HCT-15 Xenograft Model
There are over 200,000 cases in the United States of colorectal cancer annually. This disease primarily occurs in people over 60 years of age, which is why colonoscopies (and follow-up biopsies where appropriate) are recommended for cancer screening. Most cases of colon cancer begin as small benign adenomatous polyps in the final part of the digestive tract that mutate and develop into cancer. The HCT15 cell line was isolated from a patient diagnosed with Dukes’ type C colon adenocarcinoma. HCT15 cells have since been used as a colon cancer model in many studies. In 1982, Dexter et al. released a Cancer Research study using the HCT15 xenograft model to characterize the effects of N,N-dimethylformamide (DMF) and N-methyl-formamide (NMF) on colon cancer. Results demonstrated that the compounds caused tumor growth inhibition mediated by the metabolism of DMF to NMF, but this was accompanied by significant hepatic toxicity. Ehrig et al. published an article in the Journal of Translational Medicine (2013) demonstrating tumor growth inhibition upon a single i.v. injection of GLV-1h68, an oncolytic replication- competent vaccinia virus (VACV). The group used HCT15 murine xenografts and also demonstrated an inflammation-mediated immune response as evidenced by an increased in immune-related antigens as well as increased NK cell and macrophage infiltration. These results have positive implications for the potential of virotherapy. Lastly, a 2017 Monoclonal Antibodies in Immunodiagnosis and Immunotherapy (Kaneko et al.) article used the HCT15 colon adenocarcinoma xenograft model to study the effect of a podocalyxin (PODXL) antibody on tumors. PODXL is typically overexpressed and the group produced a chimeric human-mouse antibody PcMab-47 targeting PODXL and treated xenografted mice; the antibody exhibited antitumor activity supporting its potential use for antibody therapy in PODXL over-expressing tumors. The HCT15 cell line is used to create the CDX (Cell Line Derived Xenograft) HCT15 xenograft mouse model. The HCT15 xenograft model has been used to evaluate anticancer therapies for colon cancer including virotherapy, antibody therapy, and the Phellodendron amurense extract nexrutine (NX).
Basic Study Design
- HCT15 cells are maintained in exponential growth phase under aseptic conditions.

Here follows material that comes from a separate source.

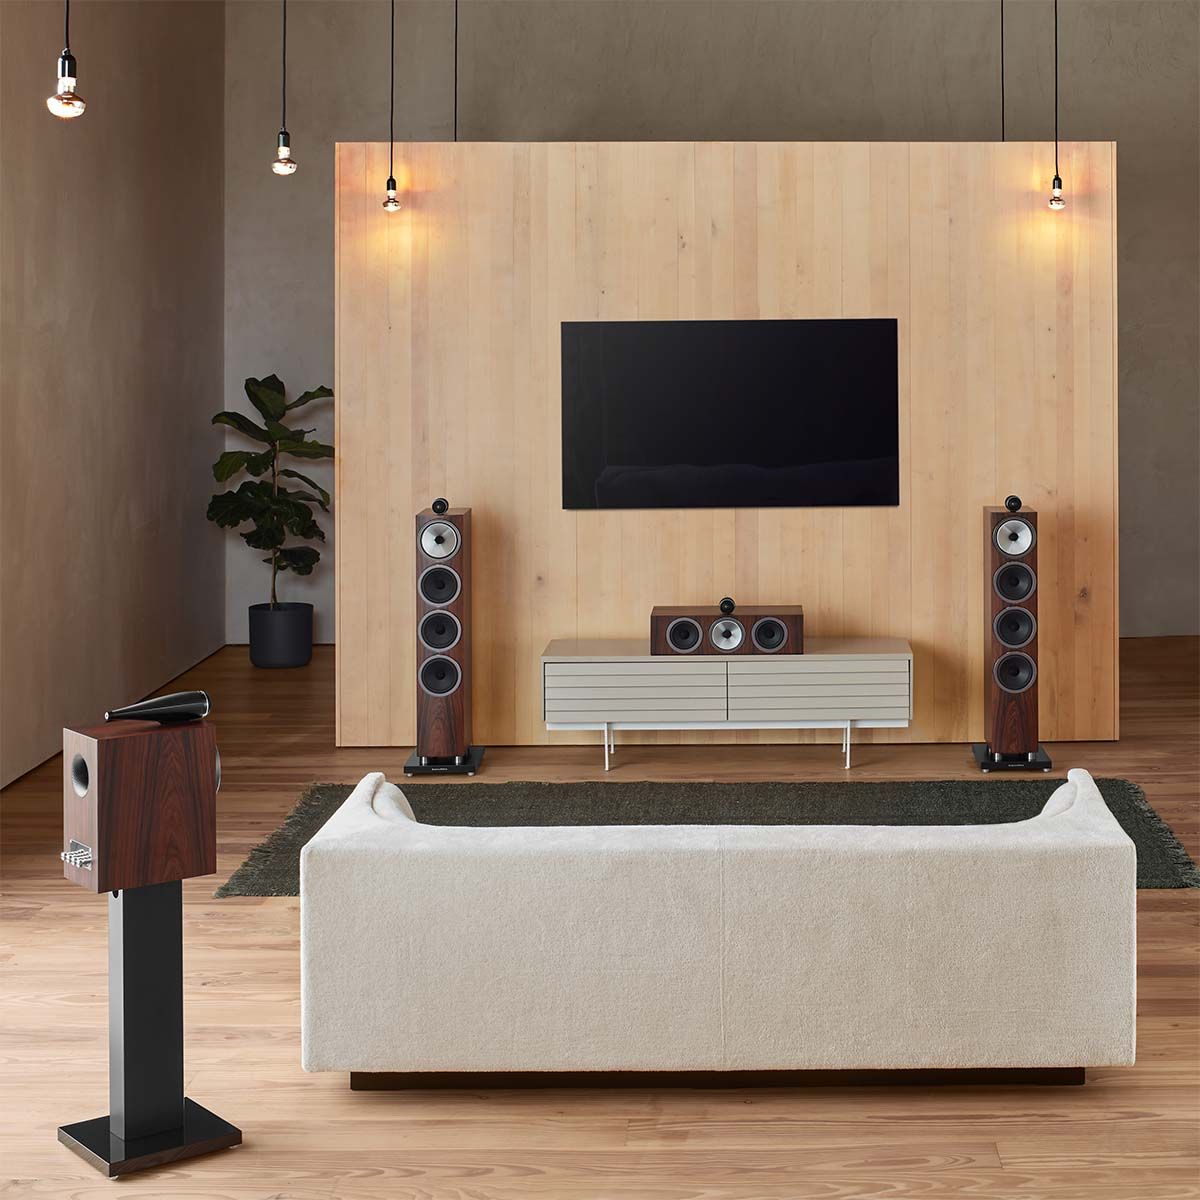 Bowers & Wilkins 702 S3 3-Way Floorstanding Loudspeaker in mocha shown in living room media room with center, surrounds, and tv

- Cells are trypsinized and cell count viability is determined using a trypan blue exclusion assay (98% of cell viability is required). HCT15 cell suspension is adjusted to appropriate density.
- Each mouse is subcutaneously injected into the right flank with 106 cells in 100 µL of a Matrigel- HCT15 cell suspension.
- The injection sites are palpated up to three times weekly until tumors are established to an average size of 50-150 mm3 as measured via digital calipers.
- Animals are randomized into treatment groups. Administration of test compound is performed according to the pre-established treatment schedule.
- Mice weights are measured and recorded 3 times weekly; tumors are measured and recorded daily.
- End of study is reached when tumor size reaches 2,000 mm3 or the predetermined size limit per approved IACUC protocol.
- Final necropsy and tissue collections are performed for appropriate downstream analysis. Tumors are excised, weighed and documented by digital imaging. Tumors and tissues can be stabilized in RNAlater, snap frozen in LN2 or prepared for histology.